D: Mi sembra che in un suo saggio, lei auspica una generalizzazione del sistema della Authorities: perché è cosi contrario alla burocrazia della parte continentale Europea.

R: La burocrazia è costituita dall’insieme dei pubblici impiegati il cui strapotere, assunto mediante l’allargamento sempre maggiore delle proprie funzioni, si concentra nell’amministrazione ma non si esaurisce in essa: si estende all’organizzazione di tutti i pubblici uffici di uno Stato. In molti di essi (Italia, in primis)  comprende anche la giustizia. Con una serie di norme astratte, complicate, farraginose e pedantemente applicate, la burocrazia sottopone i cittadini all’obbedienza e spesso allo scoramento, alla mortificazione, all’umiliazione, al degrado. E ciò, per effetto  degli ostacoli, degli inciampi delle difficoltà che è in grado di creare nella loro vita corrente.

D: Secondo l’opinione dei fautori della de-industrializzazione, nella futura società dei beni immateriali e dei servizi non vi sarà più bisogno di questi complessi e dispendiosi apparati burocratici pubblici. E’ d’accordo?

R: Certamente. La loro assenza o il loro contenimento contribuirà anche a liberare la parte continentale dell’Europa da una buona dose di quell’autoritarismo governativo che ha sempre messo bastoni tra le ruote del libero sviluppo capitalistico.

D: Perché lei abbina burocratismo e autoritarismo?

R: La burocrazia che l’Europa continentale conosce è nata in un ambiente culturale, da millenni caratterizzato da assolutismi di vario tipo, ispirati alle concezioni religiose prevalenti (ebraismo, cattolicesimo, luteranesimo) e filosofiche dominanti  (Platonismo, Neo Platonismo e molteplici derivazioni idealistiche) nei vari Paesi. La presenza di mastodontiche strutture pubbliche, è aumentata nella società industriale e deve riportarsi, storicamente, al disegno che Jean Baptiste Colbert, personaggio-chiave alla Corte di Luigi XIV, aveva immaginato e utilizzato per rafforzare il peso dell’assolutismo monarchico con un cospicuo esercito di civil servant. I burocrati erano stati da lui ritenuti essenziali e indispensabili per consentire al potere politico del Sovrano di penetrare in tutti i gangli più importanti dell’economia e della vita civile. Colbert, con sagacia e abilità, aveva costituito uno stabile sistema ministeriale al centro e consolidato il sistema delle intendenze come strumento di controllo burocratico della periferia. In tal modo, si prefiguravano le premesse per ingerenze statali sempre più penetranti nella cultura, nell’arte, nell’istruzione pubblica, nelle forze armate, nella giustizia, nella sicurezza pubblica e nell’assistenza sociale. Al modello francese si erano uniformate, nel tempo, tutte le burocrazie dell’Europa continentale, da sempre caratterizzata dagli assolutismi ispirati alle concezioni religiose e filosofiche dominanti nei vari Paesi. Il danno è sotto gli occhi di tutti. La categoria dei pubblici dipendenti, divenuta super-potente per assenza di efficaci (e, peraltro, non facili) controlli, è stata, nel tempo, utilizzata da una classe politica, spesso cinica e corrotta, anche e forse soprattutto come una sorta di riserva occupazionale per raccomandati di ferro. Ciò ha dato luogo a un doppio fenomeno di corruzione che si espande dal momento dell’assunzione a quello della gestione delle pratiche amministrative.

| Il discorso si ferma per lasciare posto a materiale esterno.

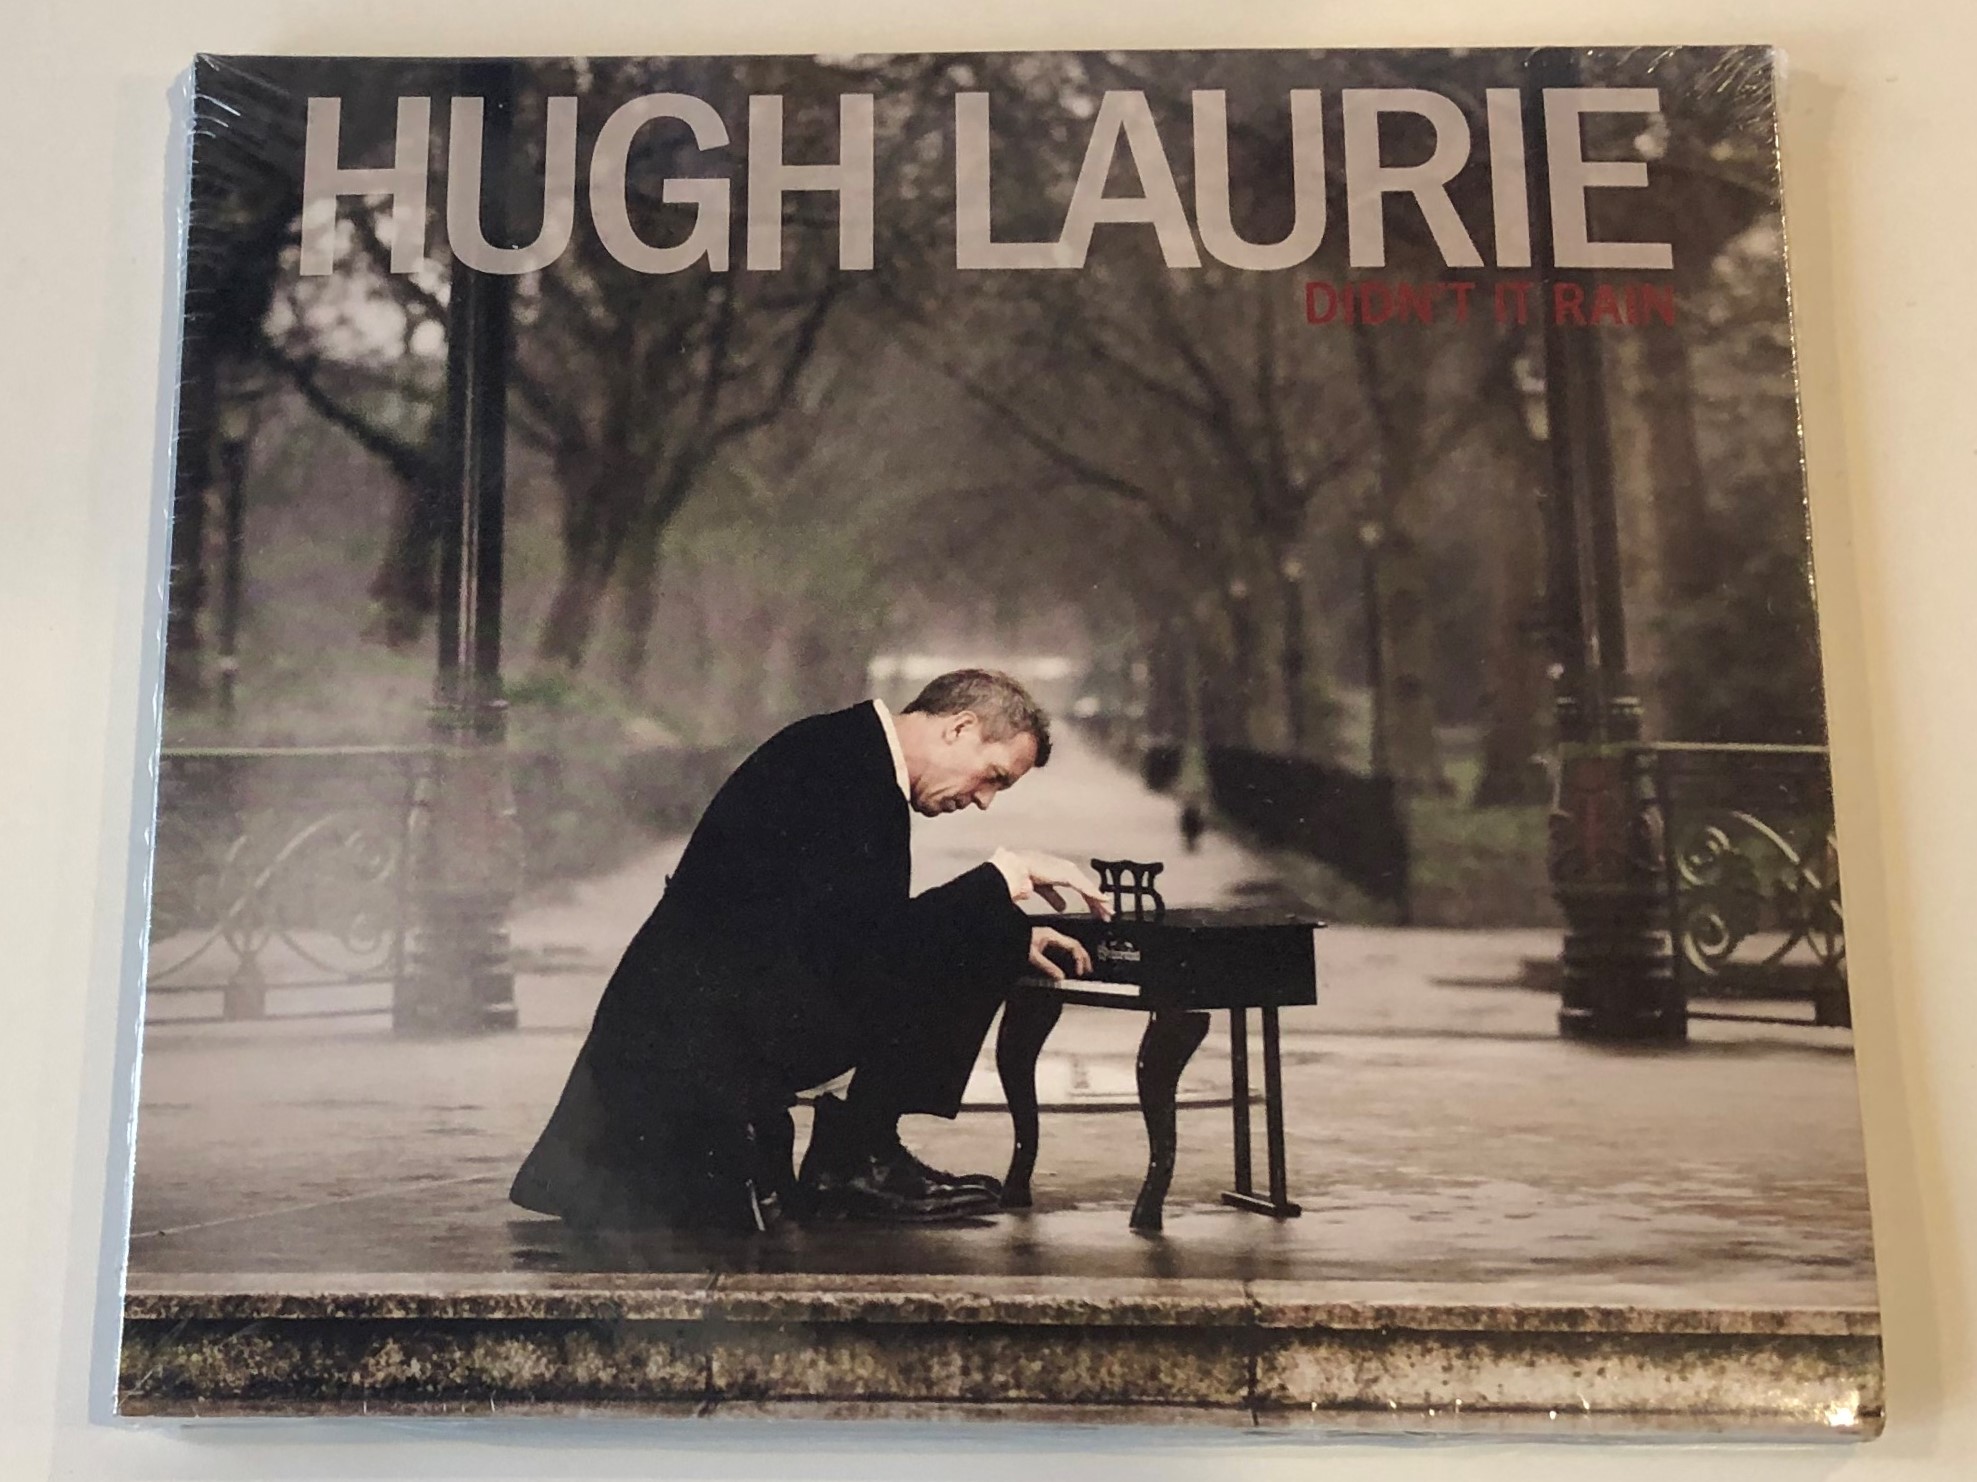 hugh-laurie-didn-t-it-rain-warner-music-entertainment-audio-cd-2013-5053105713721-1-.jpg
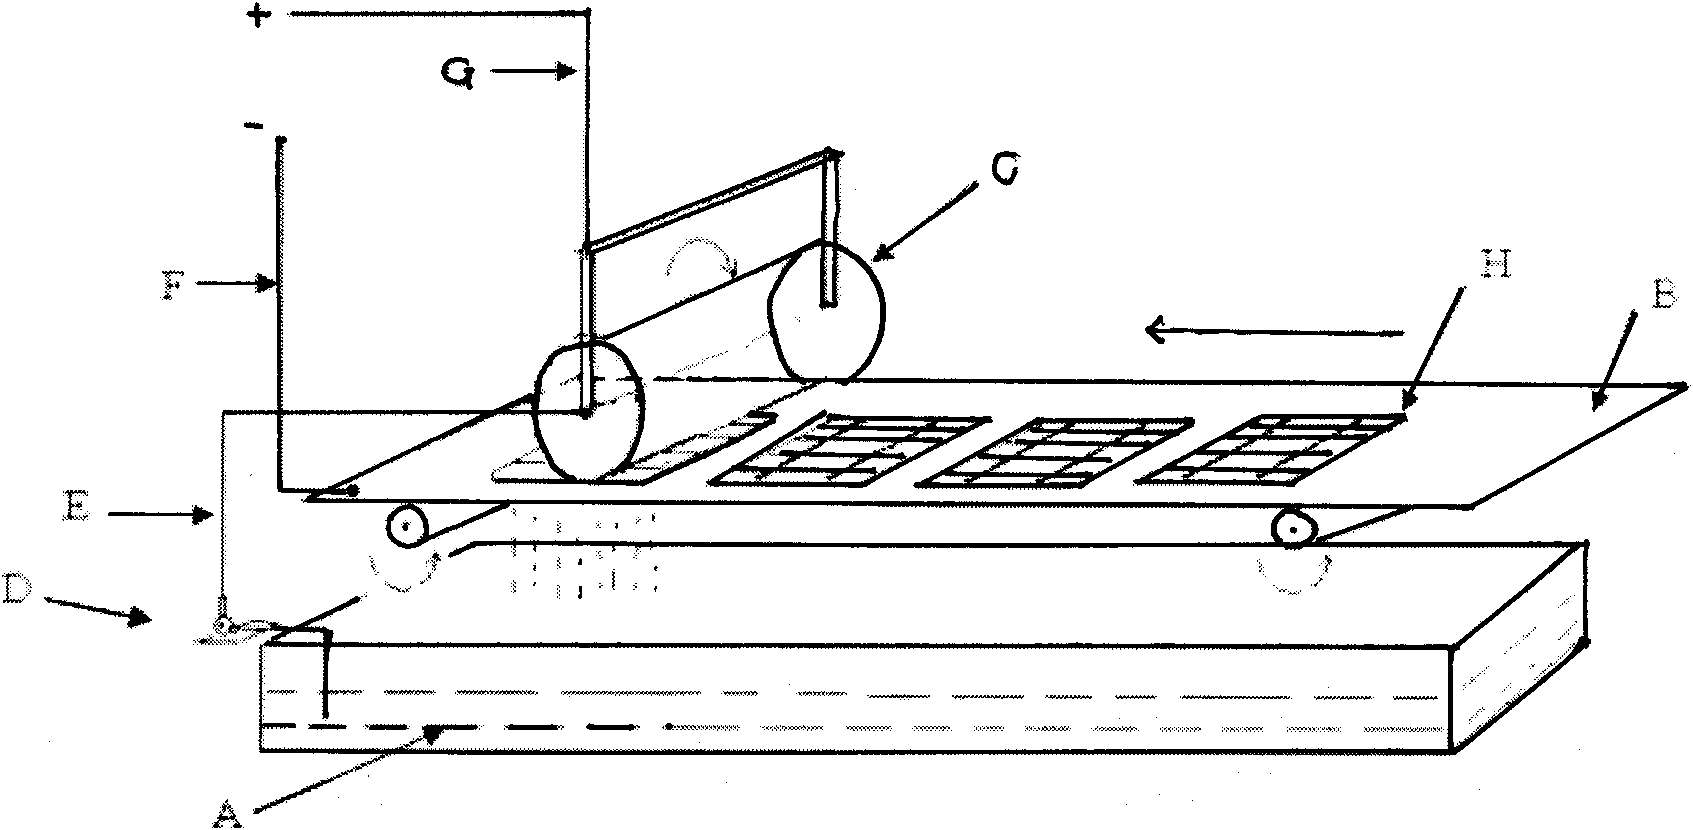 Method for preparing solar array electrode by electro-brush plating

D: Mi sembra che sia ricorrente nel suo pensiero la predilezione per i modelli britannici di vita collettiva. Perché?

R: Perché, in Gran Bretagna, le concezioni tolleranti sia empiristiche sia anglicano-calviniste hanno combattuto duramente  la presenza di uno Stato assoluto: in conseguenza una pubblica amministrazione invadente e autoritaria è stata sempre considerata un corpo estraneo, oltre che al sistema economico liberale del Paese, alla stessa coscienza e senso di libertà dei cittadini.